DATASET EXCERPTS:

• • • • •

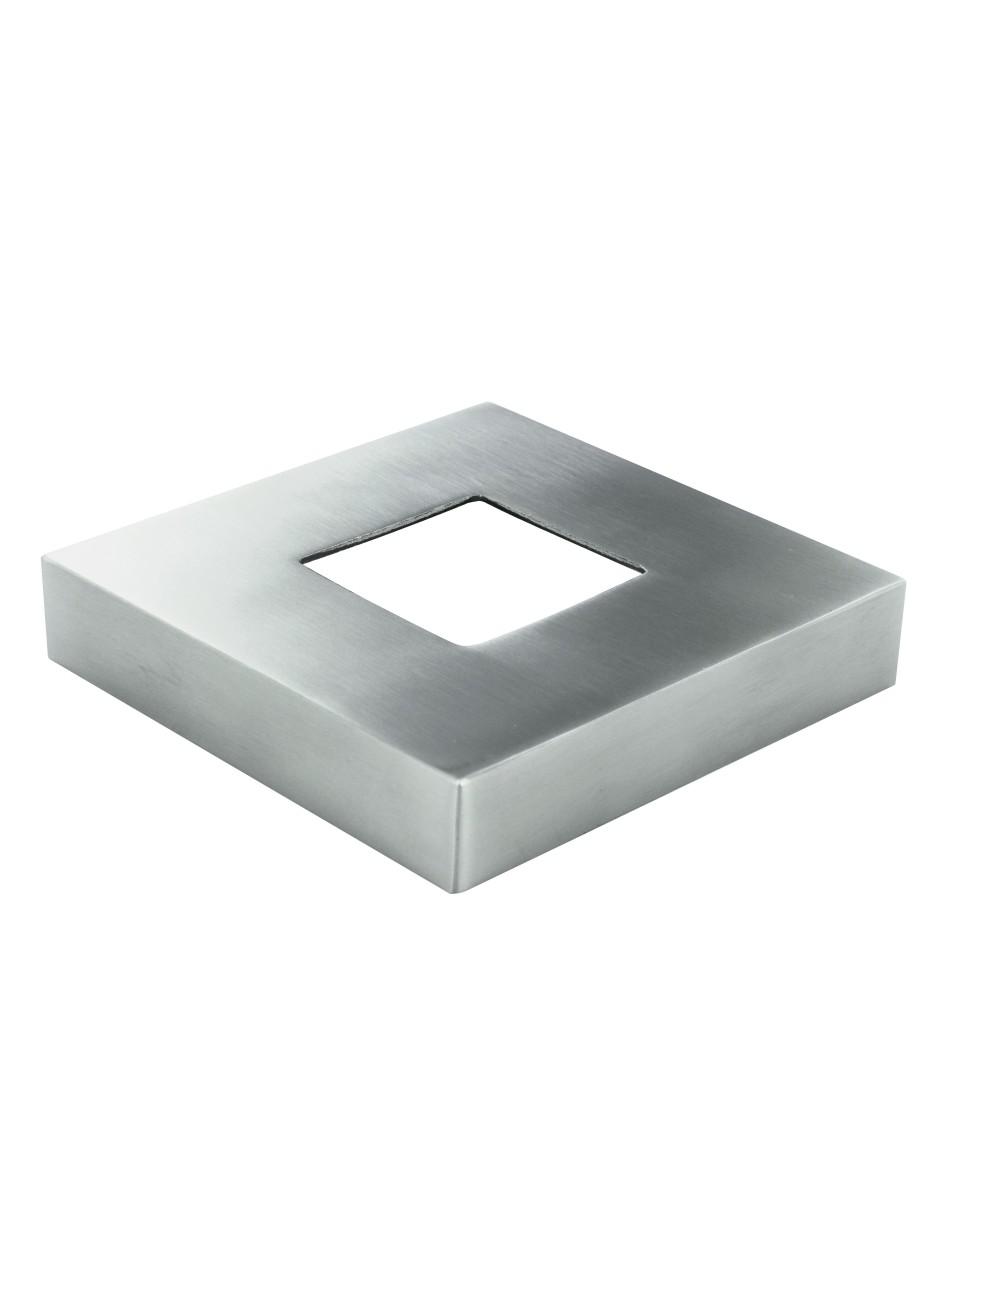 Piastre-di-copertura-quadrate
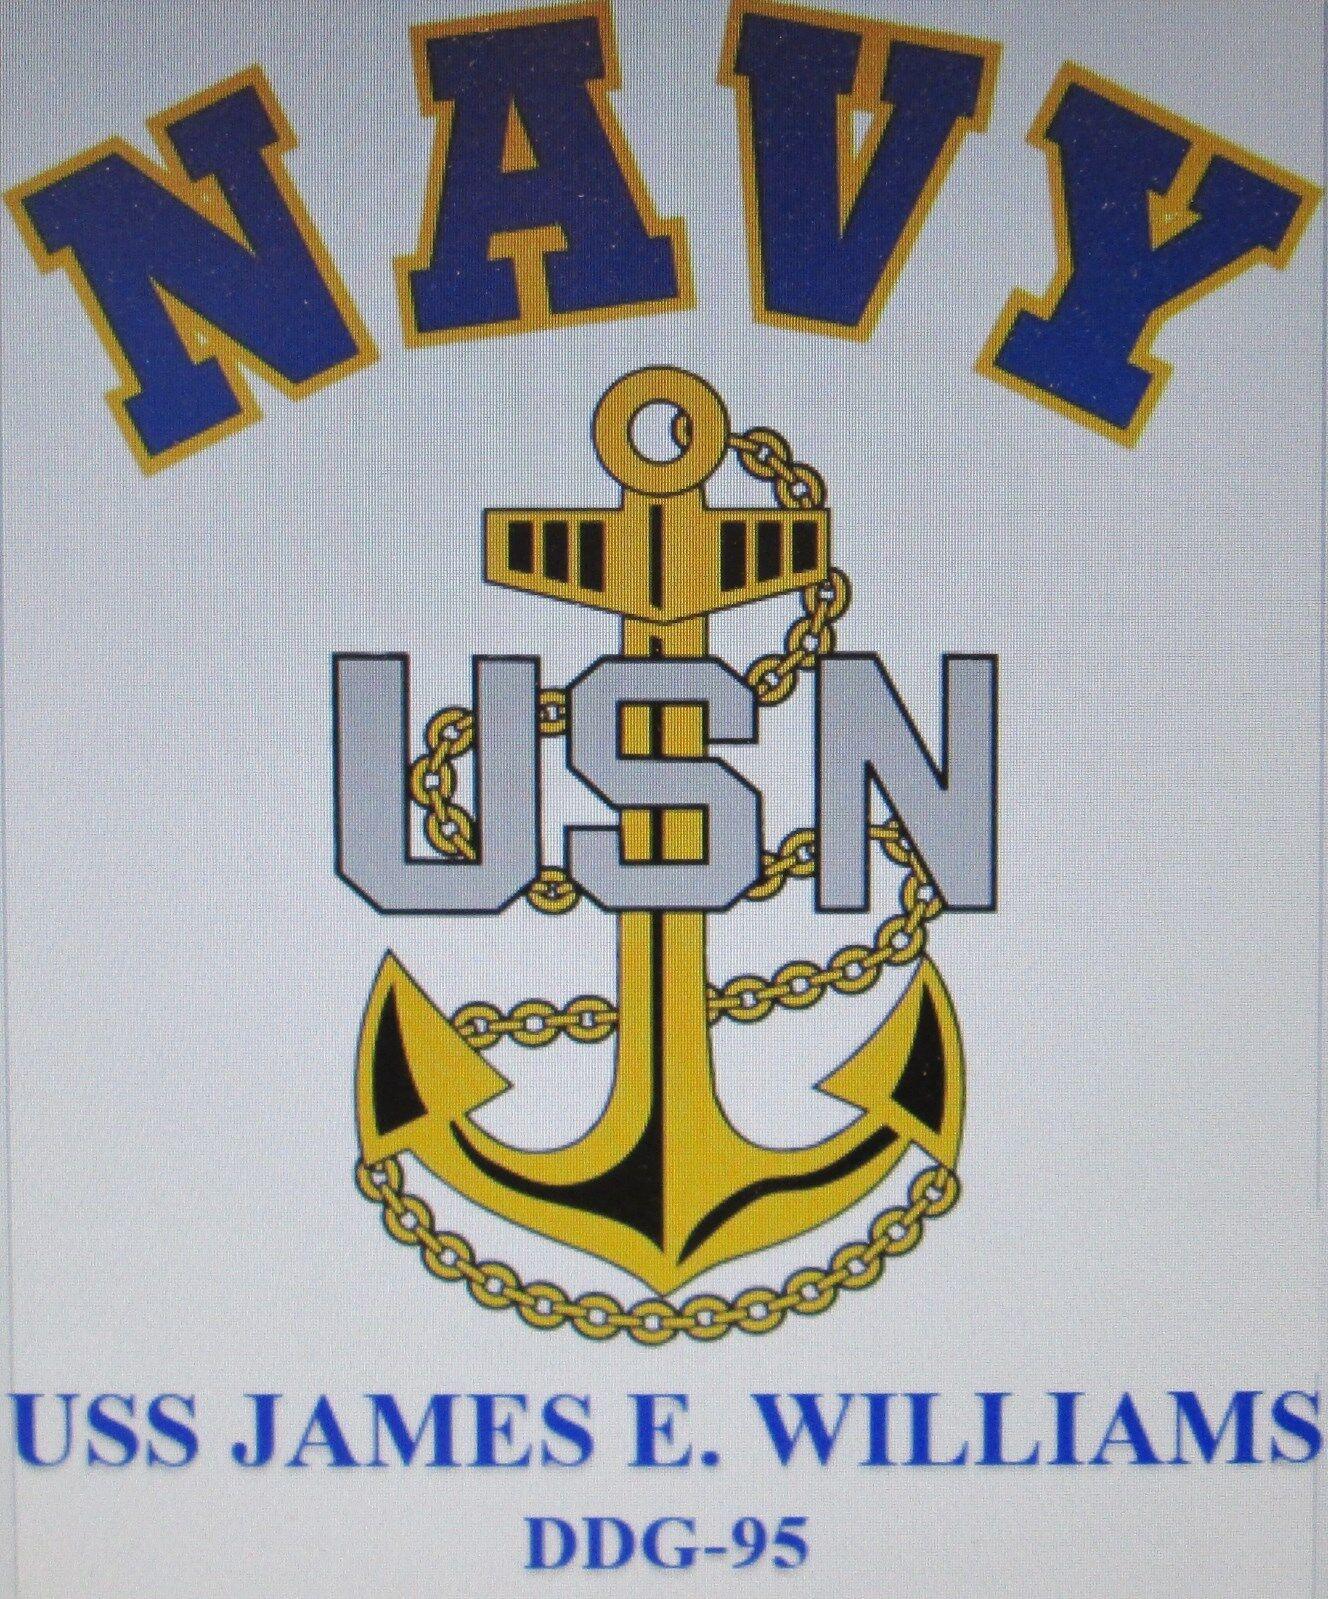 US USN Navy USS Chung-Hoon DDG-93 Destroyer T-Shirt
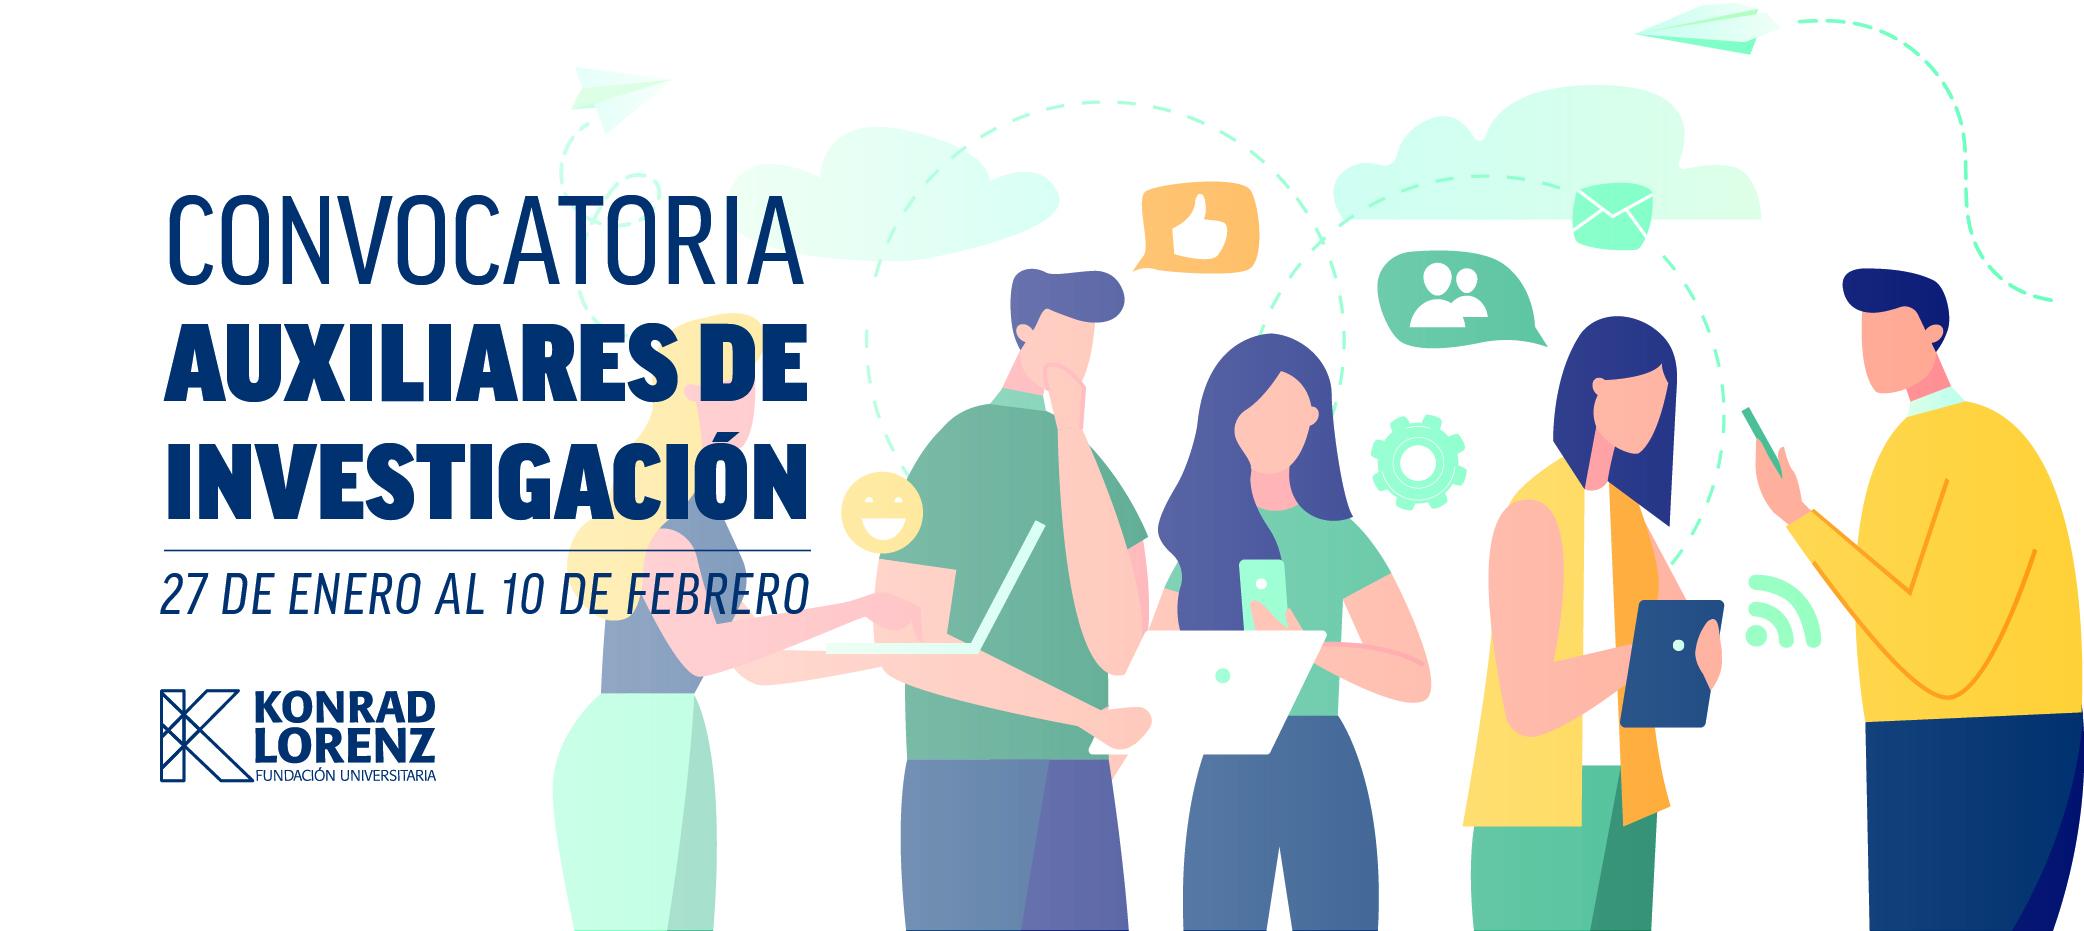 CONVOCATORIA INSTITUCIONAL AUXILIARES DE INVESTIGACIÓN 2020-1 / 2020-2
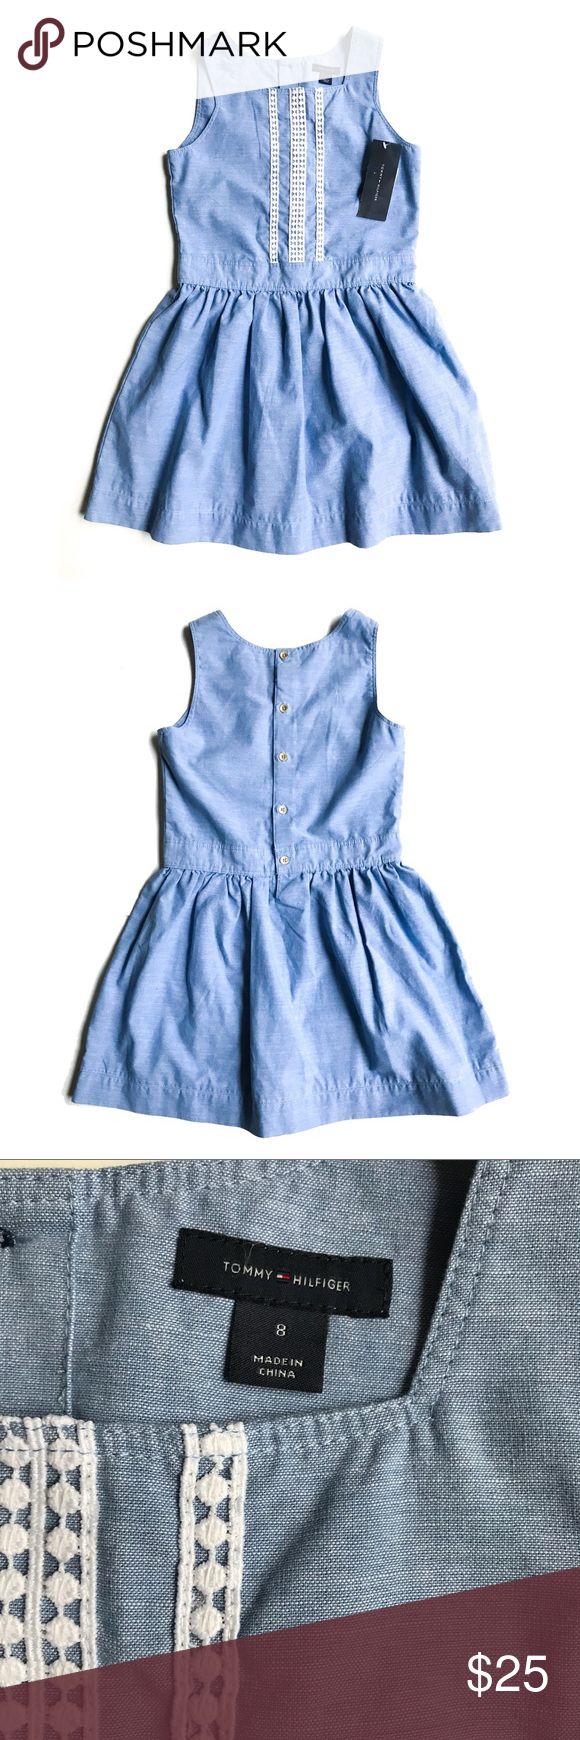 "Tommy Hilfiger Crochet Border Blue Haze Dress Sz 8 Tommy Hilfiger Crochet Border Blue Haze Dress Sz 8  New with Tags Sleeveless Girls Dress  Button Back Square Neckline Gathered Skirt Dress Length 28.5"" Tommy Hilfiger Dresses"
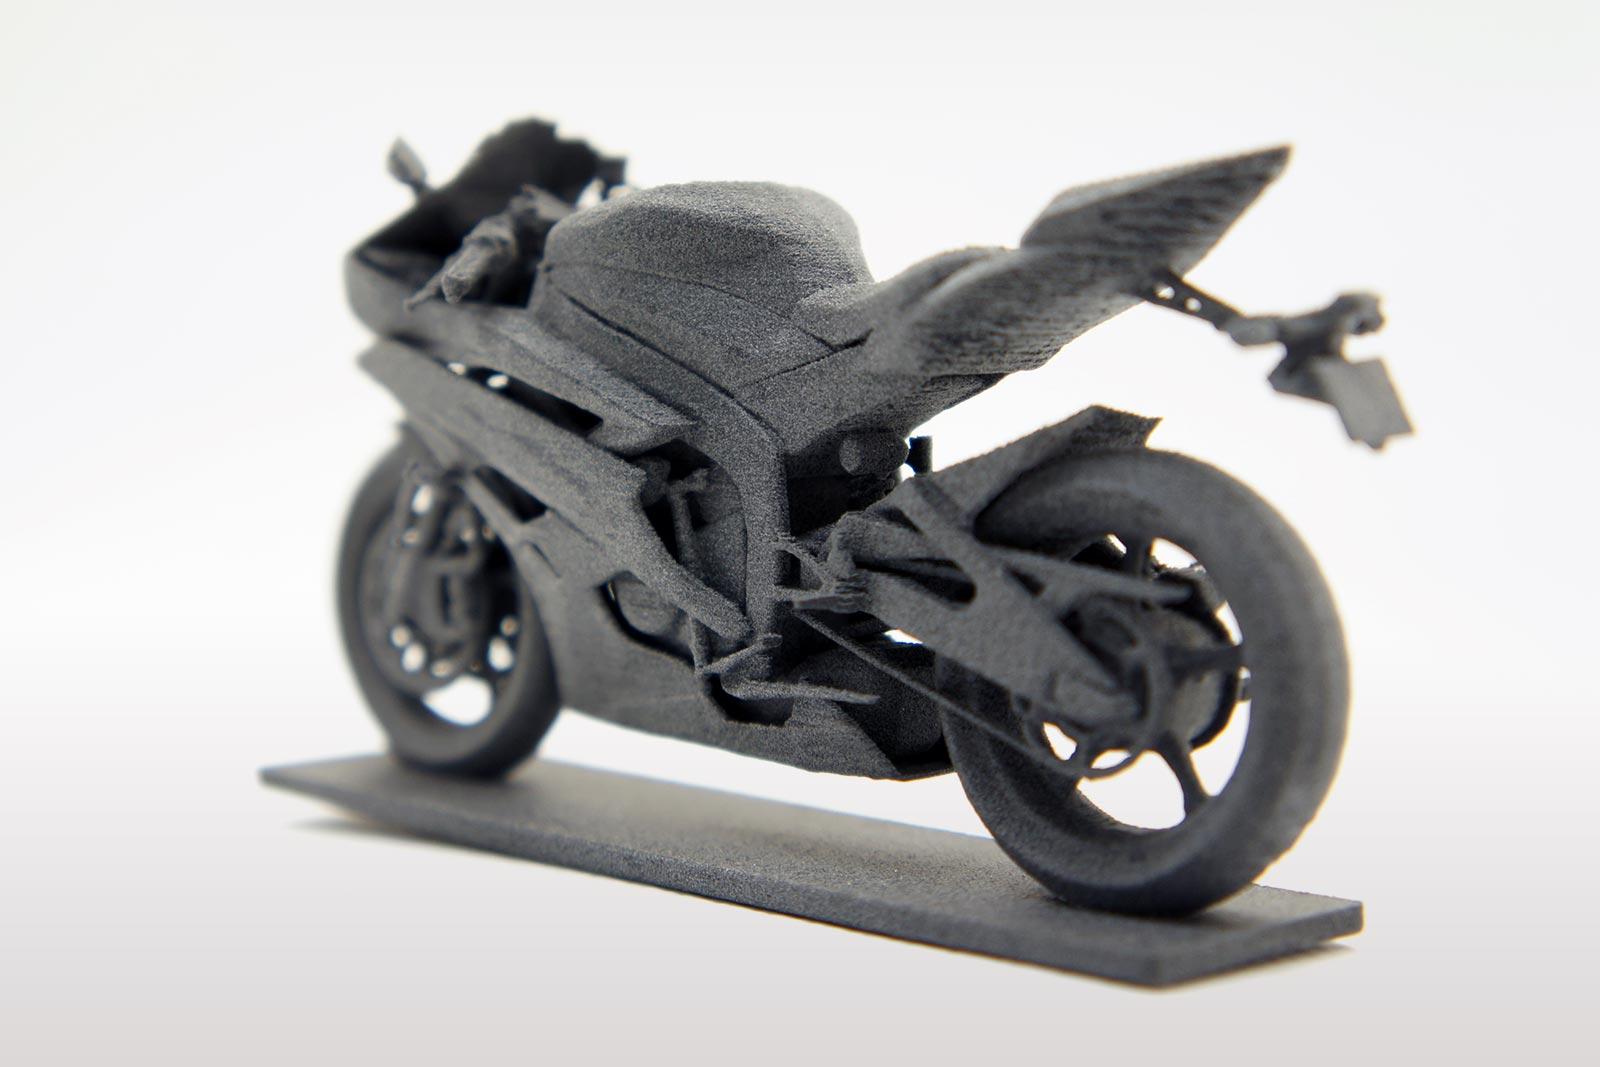 3D Printing - SLS

• • • • •

WHAT THE TASK REQUIRES: When the listing is transcribed, every line must match the original exactly, and the pictures must be left out.

OUTPUT FOR THIS EXERCISE:
 Piastre-di-copertura-quadrate
 US USN Navy USS Chung-Hoon DDG-93 Destroyer T-Shirt
 CONVOCATORIA INSTITUCIONAL AUXILIARES DE INVESTIGACIÓN 2020-1 / 2020-2
 "Tommy Hilfiger Crochet Border Blue Haze Dress Sz 8 Tommy Hilfiger Crochet Border Blue Haze Dress Sz 8  New with Tags Sleeveless Girls Dress  Button Back Square Neckline Gathered Skirt Dress Length 28.5"" Tommy Hilfiger Dresses"
 3D Printing - SLS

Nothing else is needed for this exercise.